A friend sent me something he cooked up that I wanted to share. I’m not sure if you are aware of what’s happening on social media, but people are completely losing their minds, literally about everything. Friendships are being torn apart because of Facebook posts. I will repeat this for effect, “Friendships are being torn apart because of Facebook posts.” You know the thing that Mark Zuckerberg started to rate if women were “hot or not.” Ironically, if you put that on Facebook now, people would completely flip out.
It’s simple really. You invite a friend or group of friends out or over to eat a meal and the only rule is you are not allowed to talk about politics or work. The first person to break the only friggin’ rule has to pay for the meal.
Just Talk.
The intention was to get people back to actually talking and listening and not just screaming and flipping out. The outrage! Making a conscious effort to sit down and get to know people on a deeper level other than, “so what do you do? How was work?”
I shared the idea and yes, people flipped out. It’s two fuc*ing topics out of a world of other things you could possible talk about.
If we were having a meal and I began to talk about how my poop actually smells like the garlic chicken I had the night before and you asked me not to, would that be hampering my freedom of speech or just being polite?
It’s rude.
Educated people have completely lost it over the idea of dinner and polite conversation.
The web site “the art of polite conversation” has this to offer up- “The key to polite conversation is keeping the topics light, interesting, and non-controversial. You want the discussion to be pleasant; you do not want to start a political debate.
Right!
On November 4, 2008, when President Barack Obama was being inaugurated and Mr. Zuckerberg’s “women rating” web site was only four years old, people hadn’t quite grasped the idea that you could spout out pretty much anything you wanted, without any recourse.
Today is a different story, we live in a “real time” world where people shoot first then yell “freeze” on social media.
#JustTalk is taking off, mostly because people are as sick of politics on Facebook as they are of the 1-800-Kars-4kids commercials.

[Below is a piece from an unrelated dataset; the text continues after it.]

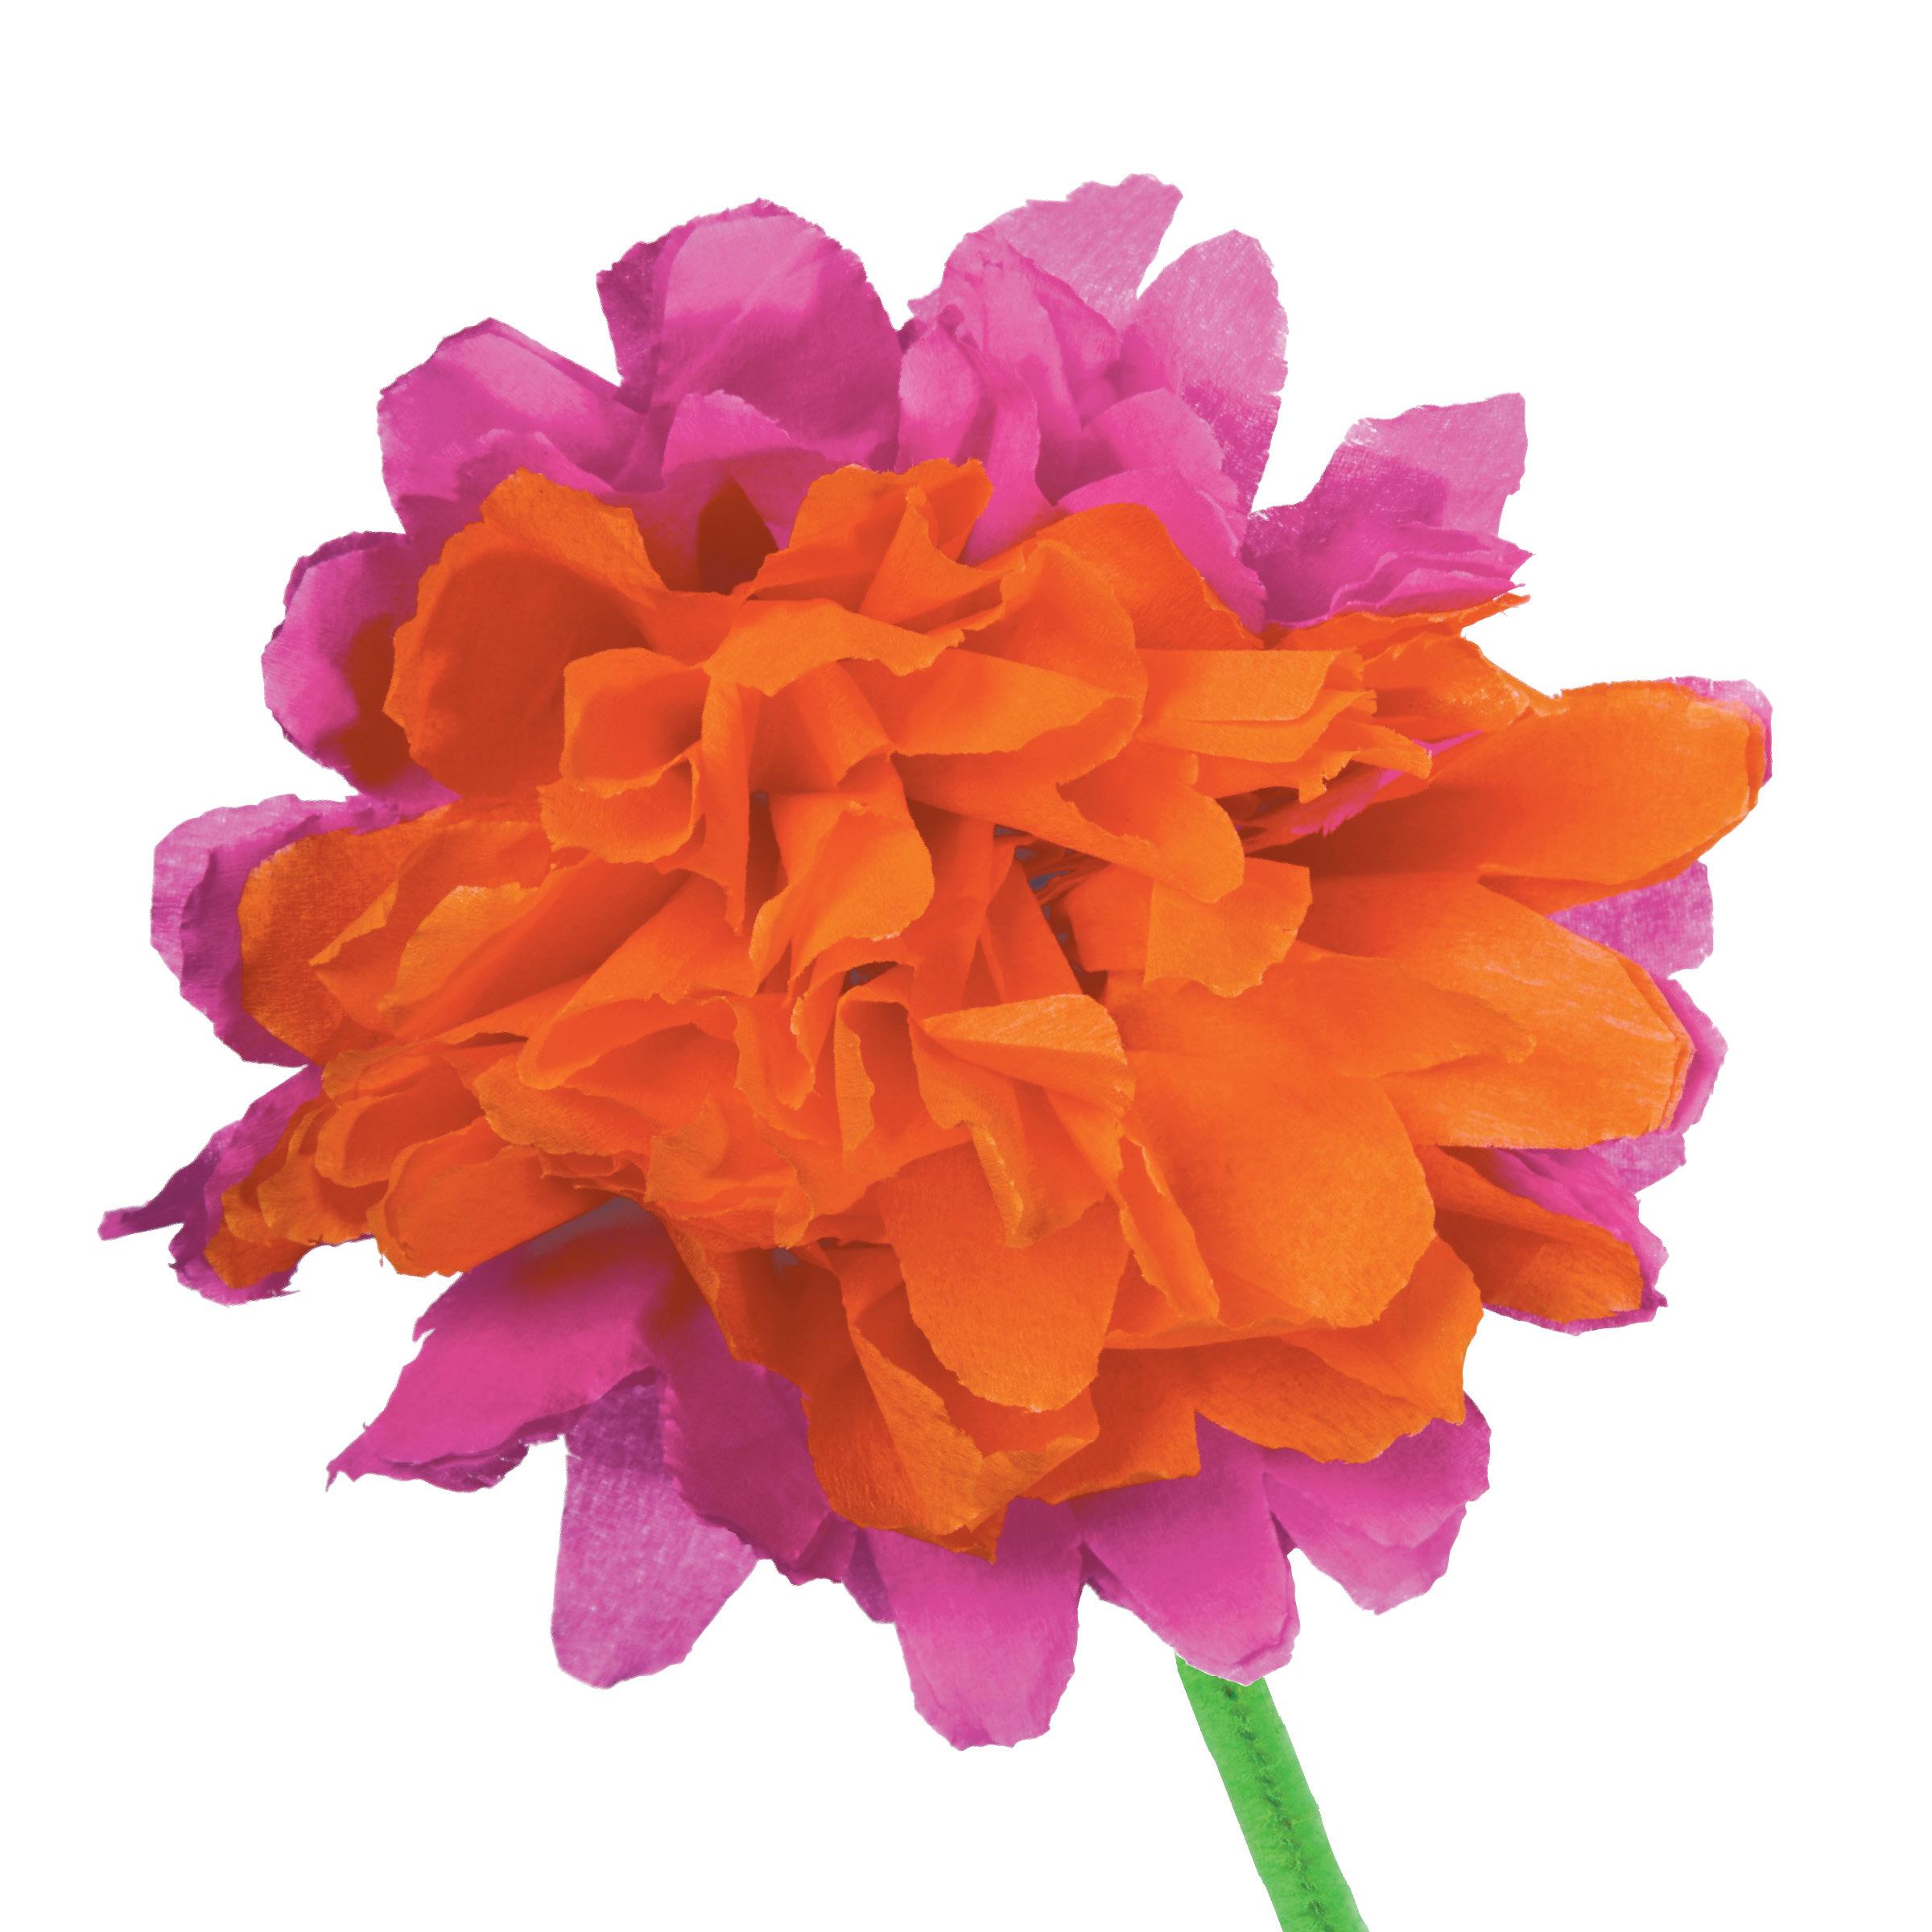 eeBoo Studio Crepe Paper Flowers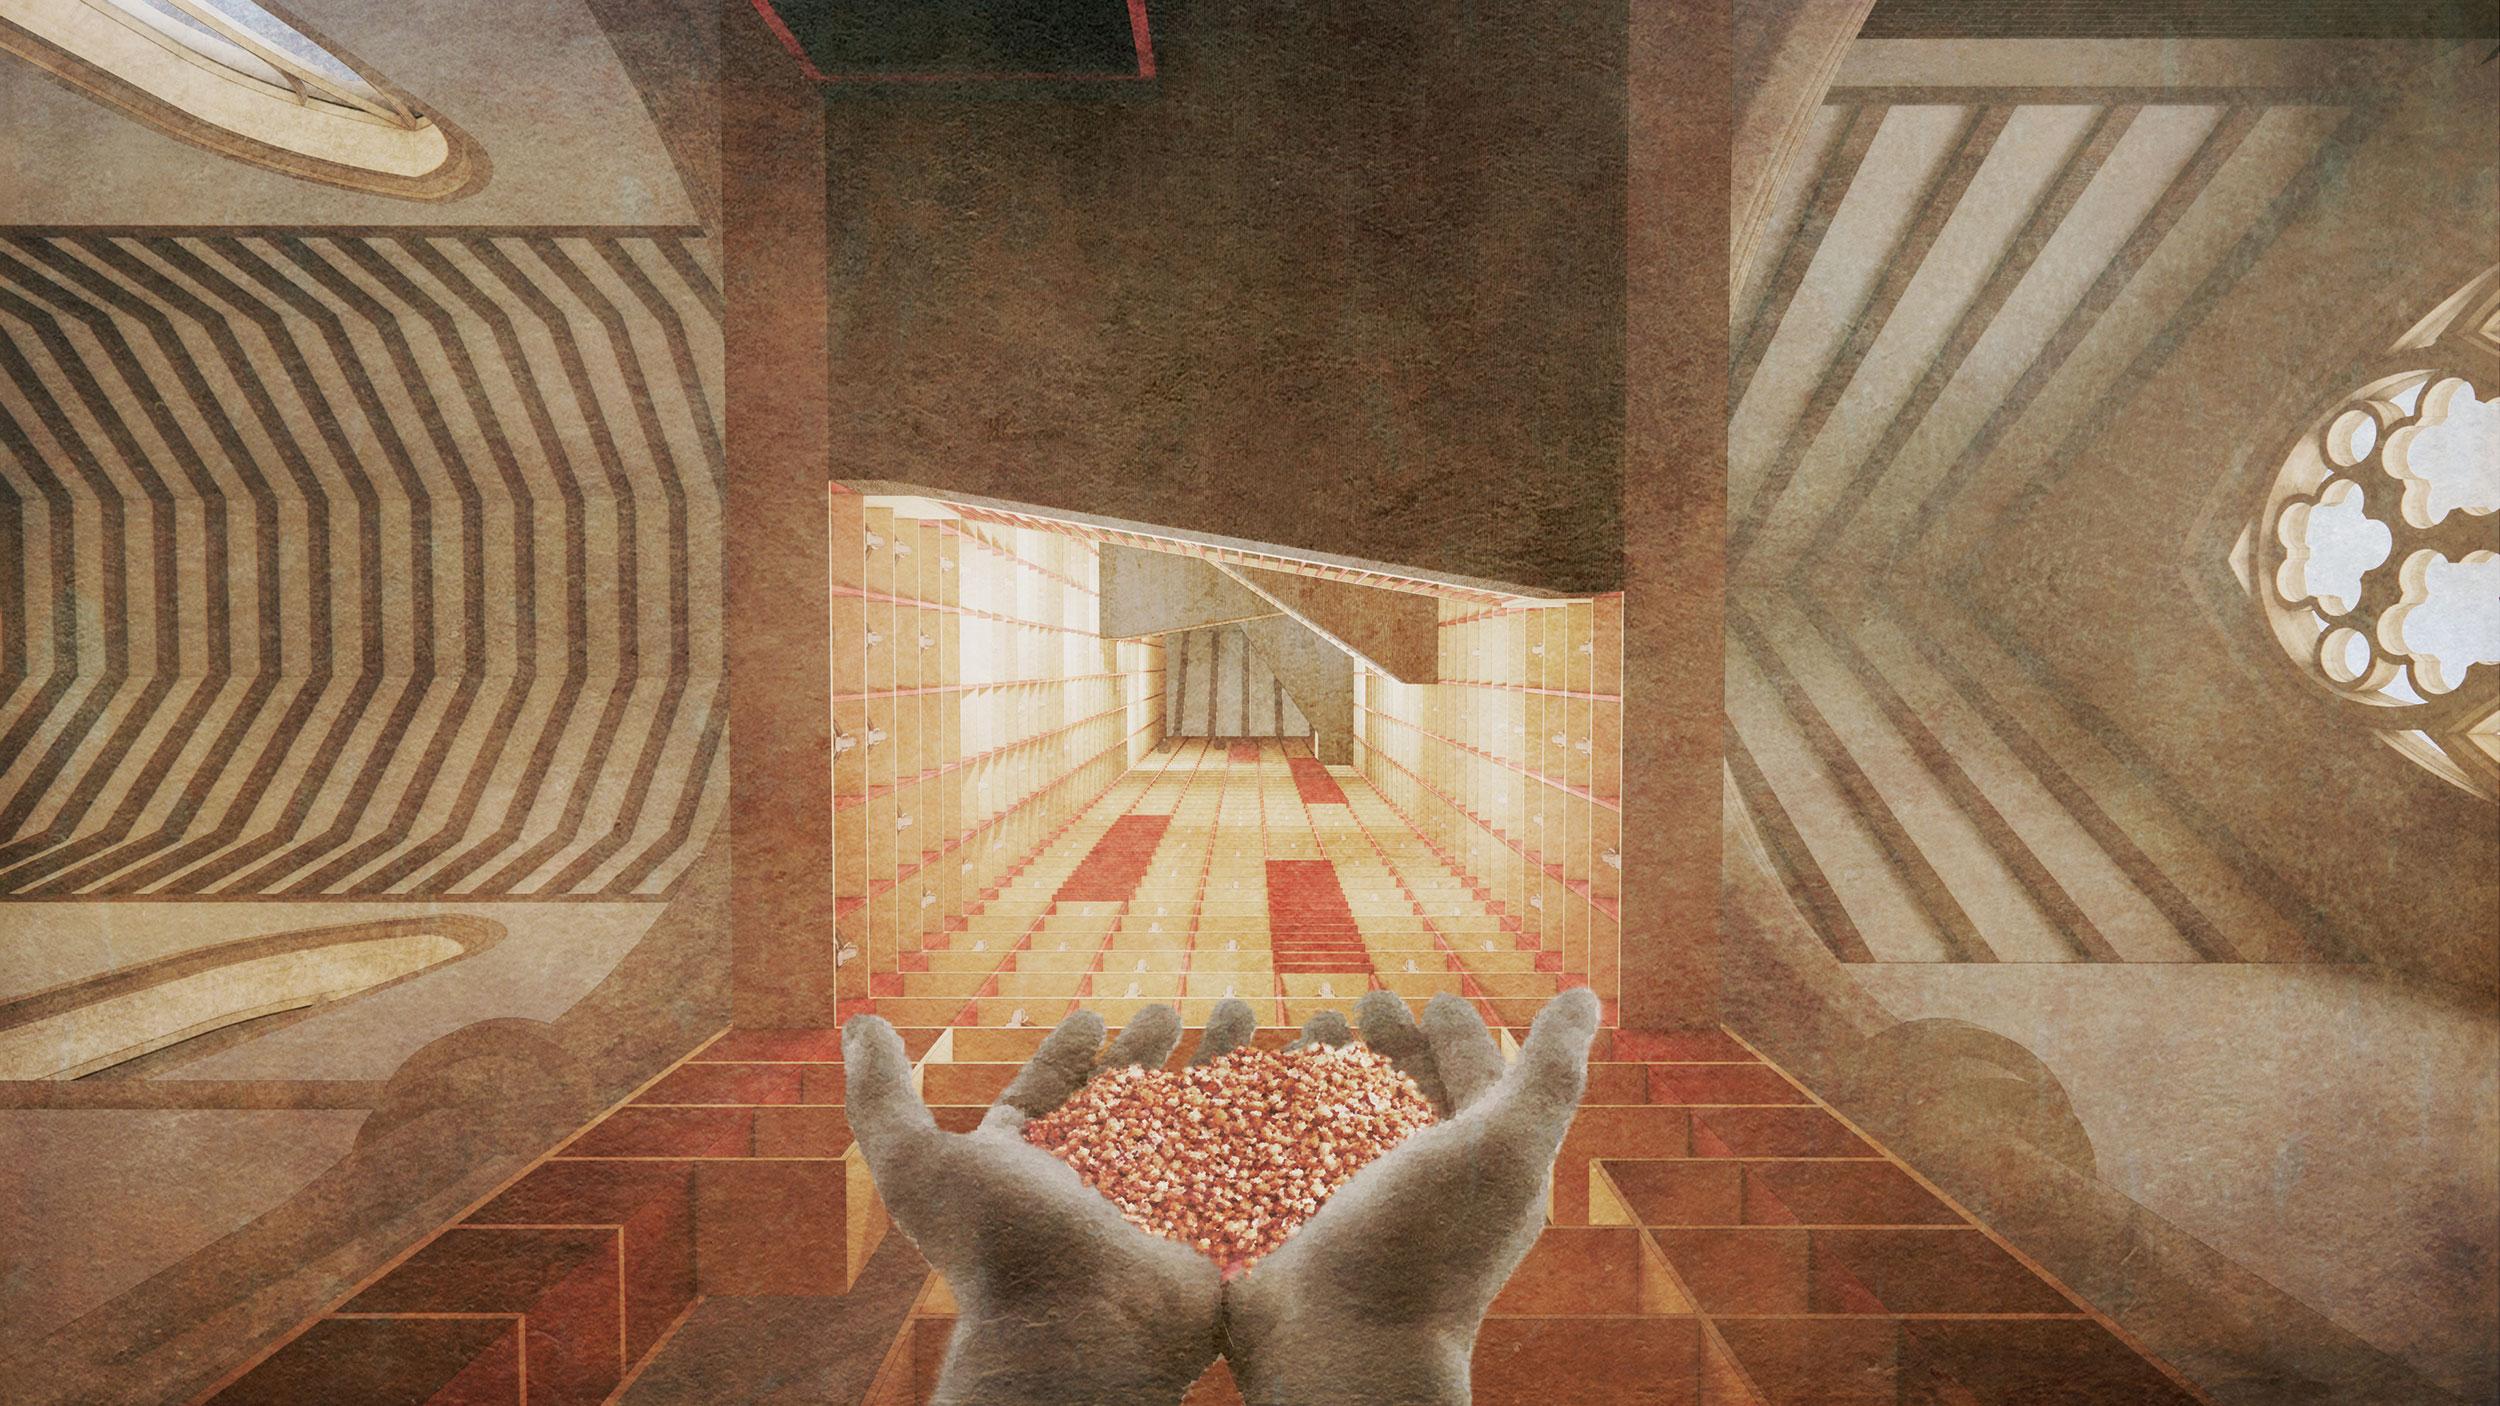 A spiritual moment / seed altar

If you can’t actually come up with other conversation ideas other than politics and work, here are some to mull over-
• Where did you grow up?
• Do you have any pets?
• Do you have any siblings?
• Would you rather have a million dollars or live your life like a Coors Light commercial
• Do you know what your your name means?
• What type of phone do you have?
• What did you do this past weekend?
• What are your plans for this weekend?
• If there’s a Blood Orange, why isn’t there a Blood Grapefruit
• What do you like to do in your spare time?
• What is the first thing you do when you wake up?
• What is the last thing you do before you go to sleep?
• What’s your favorite part of your body
• What is your middle name?
• What was the last thing you purchased?
• Can you explain the movie Arrival
• What is your favorite holiday?
• What is your favorite day of the week?
• If you could meet anyone in history, who would it be?
• What do you like to do to relax?
• Are you a saver or a spender?
• Do you play any instruments?
• Do you believe in fairy’s
• Bacon, should it be the national meat?
• How is Hollywood allowing M. Night Shamalamalamadingdong to still make movies
• Does your car still have a cigarette lighter
• If you are my co-Hort does that make me a “Hort” when I am alone
• Do you think Tom Brady made a deal with the devil
• Do you like deviled eggs
• What’s the best way to our wine without spilling that little drop
• Should Mike Myers only make animated films about ogres?
• Would you clone your pet if you could
You see, it’s not that hard.
I for one will not give up on the idea of #JustTalk and if you want to go out to dinner so we can actually get to know each other hit me up, Trump tower has a great bacon cheeseburger.